6. А. Эфрос (Россций). Заметки об искусстве. II. Шагал, Альтман, Фальк. 1916
«Бубновый Валет» 1916 года18
, первое выступление в начавшемся сезоне большой художественной группы, принес обширную вереницу работ Шагала, Альтмана и Фалька. Три имени – но какая разноголосица, какие колебания, какое расстояние в их художественном «еврействе»! Словно немилостиво желая затруднить мне приступ к задаче, кто-то собрал их вместе на «Бубновом Валете». Да и с важнейшей, первозаконной, чисто художественной точки взять Шагала, Альтмана и Фалька в одни программные скобки – нельзя. Собственно, настоящим бубнововалетовцем является один Фальк, лишь у него найдем мы преемственное развитие тех задач, вкусов и приемов, которые характерны для «Бубнового Валета». Альтман сделан из совершенно другого теста: в нем живет какой-то «академик кубизма», – как парадоксально это ни звучит! – чувствуется обобщатель, стилизатор этого кубизма, смягченного и согласованного с вековой традицией живописи. Это – явление на редкость любопытное, и аналогию для него скорее всего следует искать в неоакадемических течениях «Мира Искусства», где Альтман отойдет в группу Петрова-Водкина, Яковлева, Шухаева и им подобных. А к искусству Шагала нужен путь еще более далекий от программной эстетики «Бубнового Валета». У Шагала найдем мы, во-первых, чрезвычайно сильное выдвигание сюжета, «содержания», «идеи» в картинах, в то время как «Бубновый Валет» весь и целиком занят вопросами формы, краски, тона; во-вторых: у Шагала – быт, просветленный, очищенный от передвижнического пота натурализма, быт, стоящий на грани реальности и визионерства, где реальность фантастична, а фантастика реальна, – между тем, ничто так не далеко и не чуждо «Бубновому Валету», как бытовая и мистическая струя в искусстве; наконец, в-третьих: техника Шагала ближе всего к французским интимистам, к мастерам «нового быта», скажем, к Вюйару, к Дега, а «Бубновый Валет» свою эстетику палитры черпает в сезанновских традициях и, в меньшей степени, в искусстве русских народных масс.А. Эфрос.

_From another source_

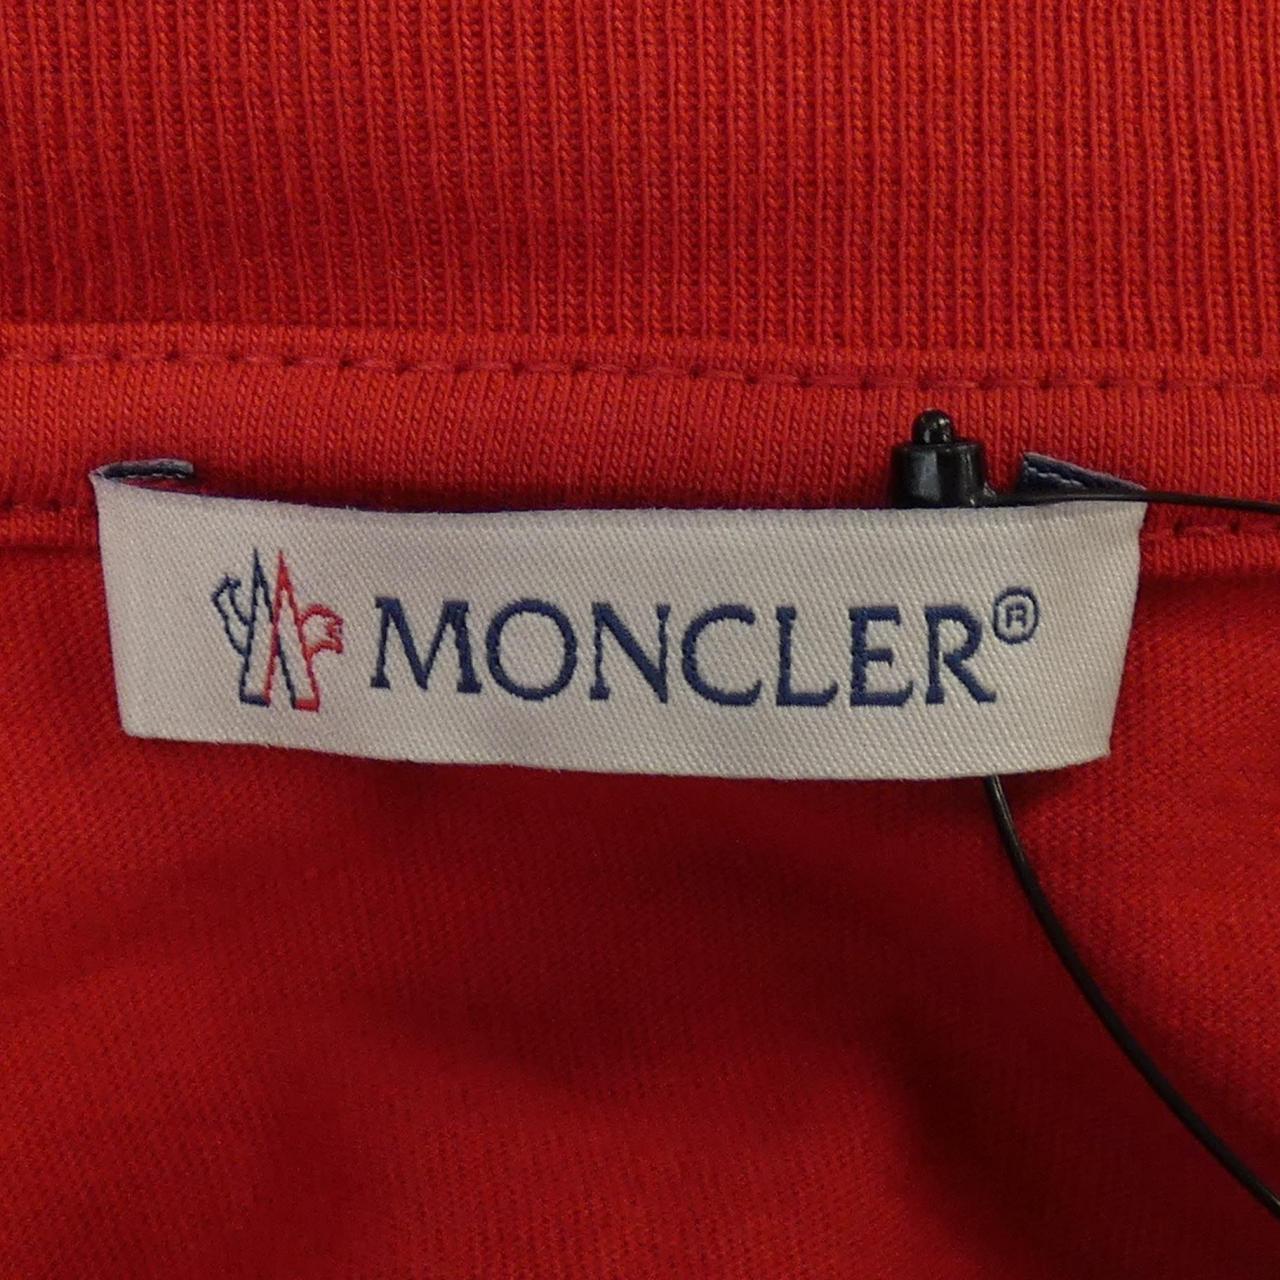 盟MONCLER) Genius 盟可睐 (Moncler) Genius T 恤

Начало 1920-х
Но и ничуть не меньше различие этих трех художников в пределах национальной стихии их искусства. Такой необычный во всем, совершенно особый, талант Шагала и здесь поражает своей самозаконностью. Когда мы говорим о еврействе и художнике, то мыслим их стоящими на разных концах, и наши пожелания заключаются в том, чтобы художник пошел навстречу национальной стихии, а момент встречи их, взаимопроникновения грезится как рождение национального творчества. У Шагала все это стоит вверх ногами. Не центростремительный, а центробежный замечаем в нем путь, не из общего мира в еврейство, а из еврейства в общий мир красоты сейчас идет он.